__EXERCISE DETAILS__
All of the data should be reproduced word for word, though its pictures must be omitted.

__DATASET EXTRACT__

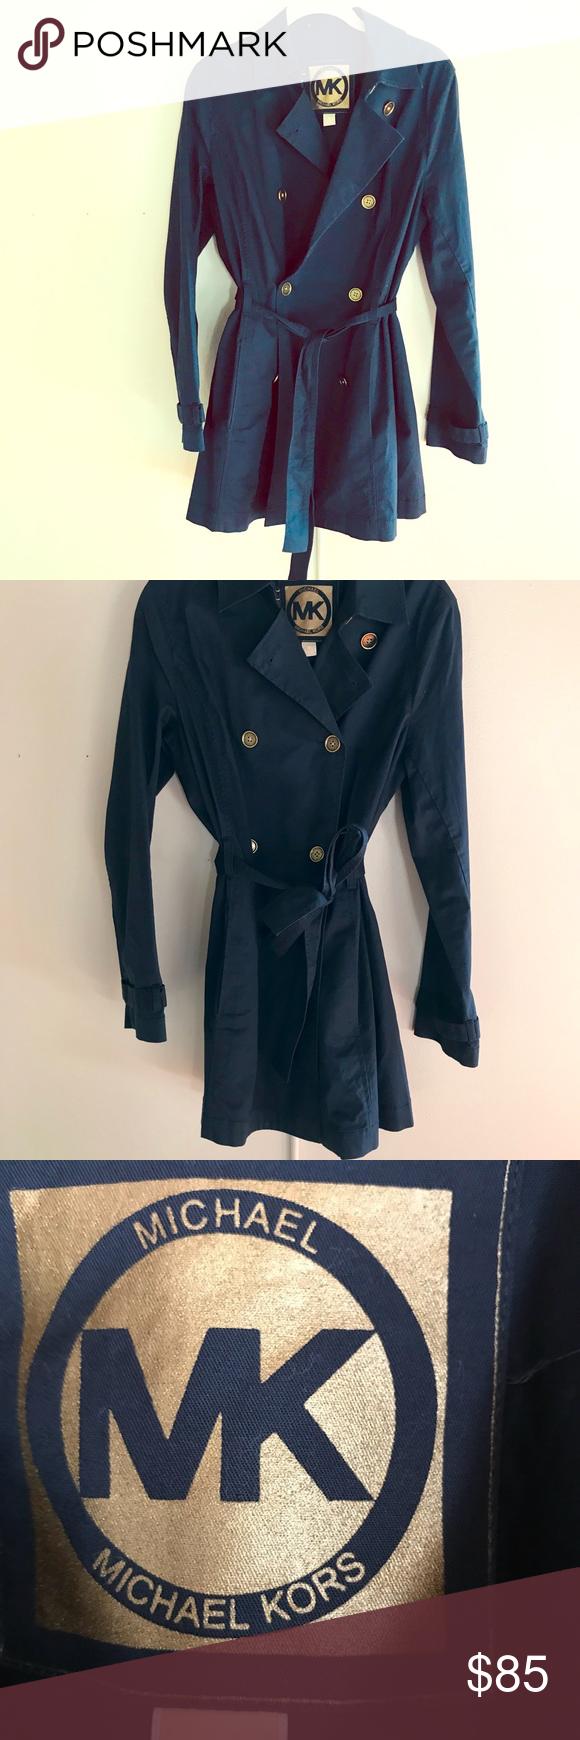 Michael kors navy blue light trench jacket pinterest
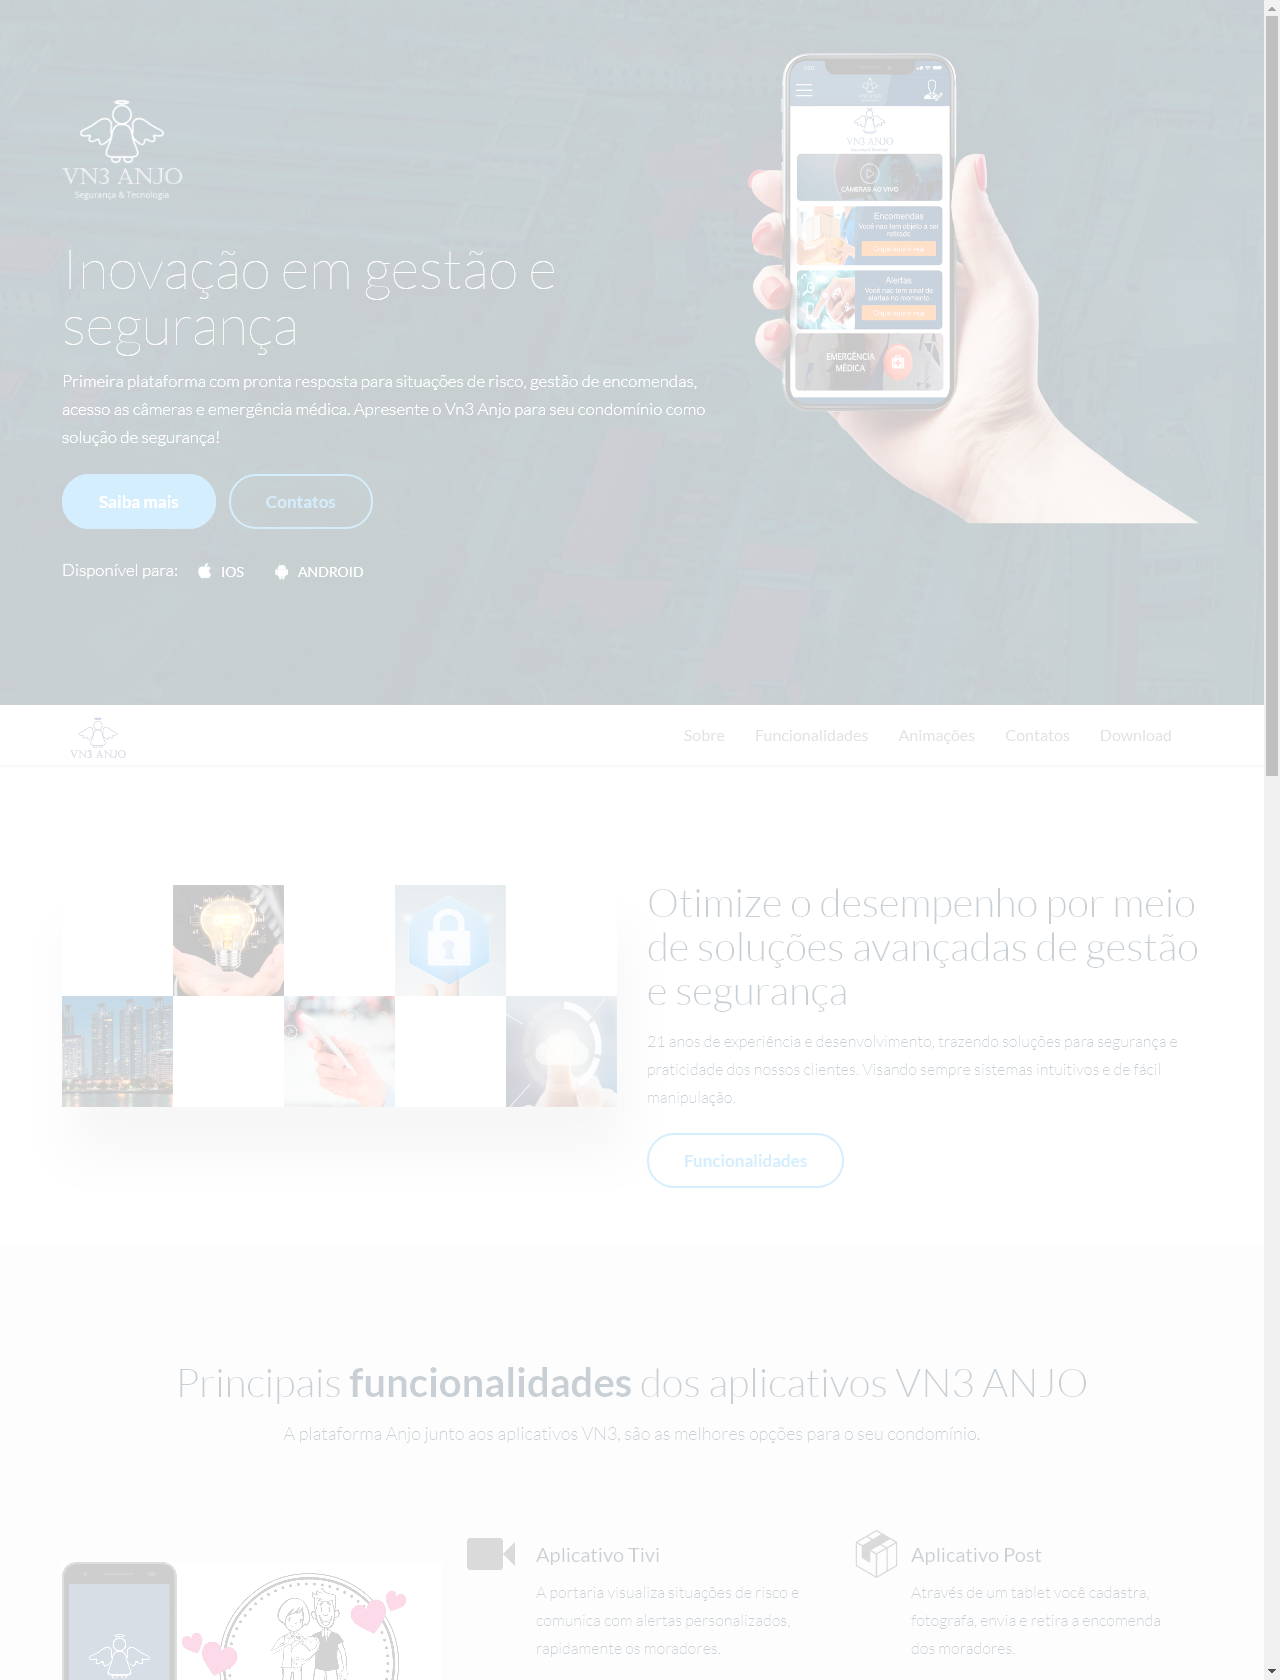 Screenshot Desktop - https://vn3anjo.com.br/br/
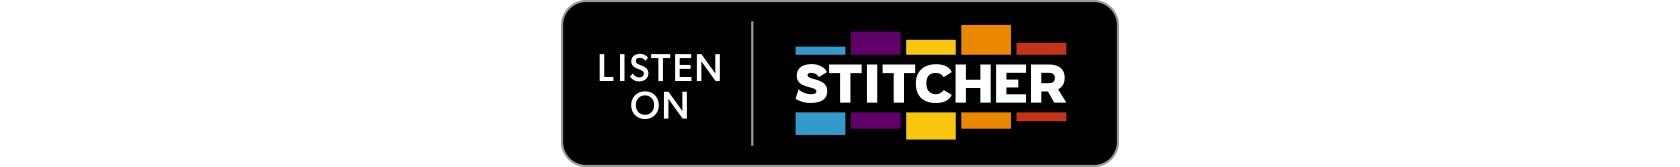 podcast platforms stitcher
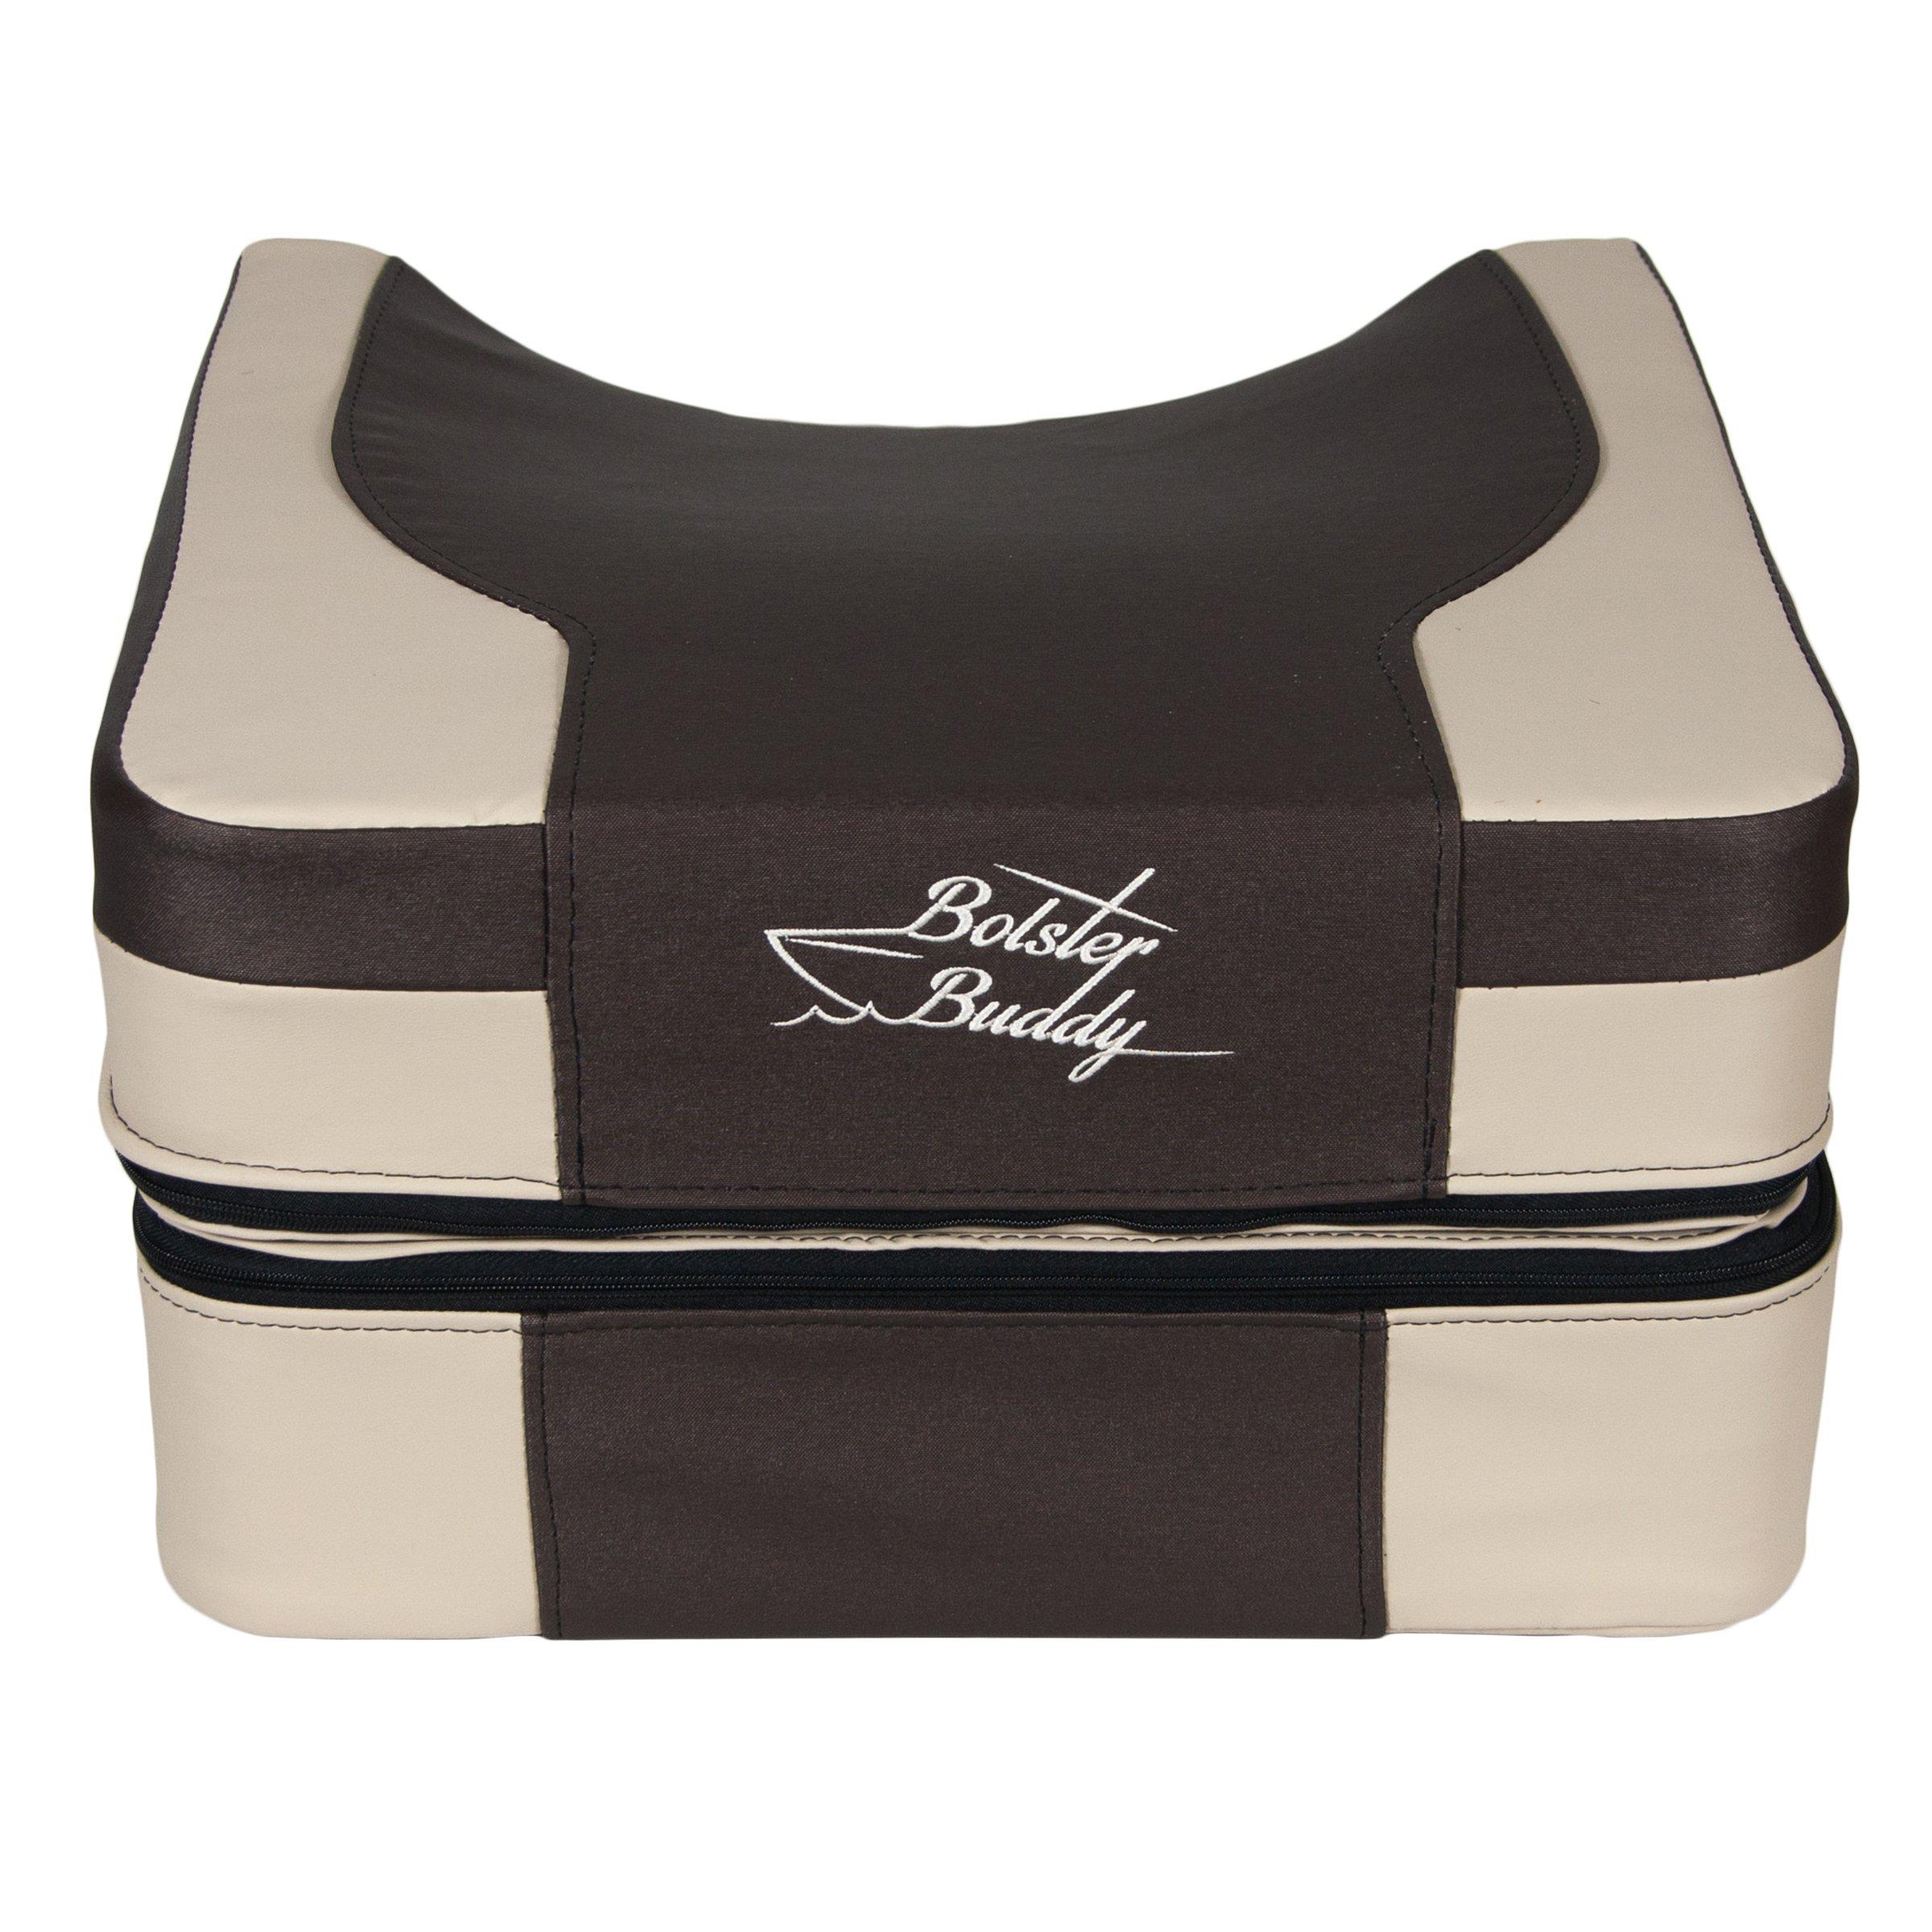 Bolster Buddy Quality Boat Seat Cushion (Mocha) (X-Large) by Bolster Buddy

__RESULT__
 Michael kors navy blue light trench jacket pinterest
 Screenshot Desktop - https://vn3anjo.com.br/br/
 podcast platforms stitcher
 Bolster Buddy Quality Boat Seat Cushion (Mocha) (X-Large) by Bolster Buddy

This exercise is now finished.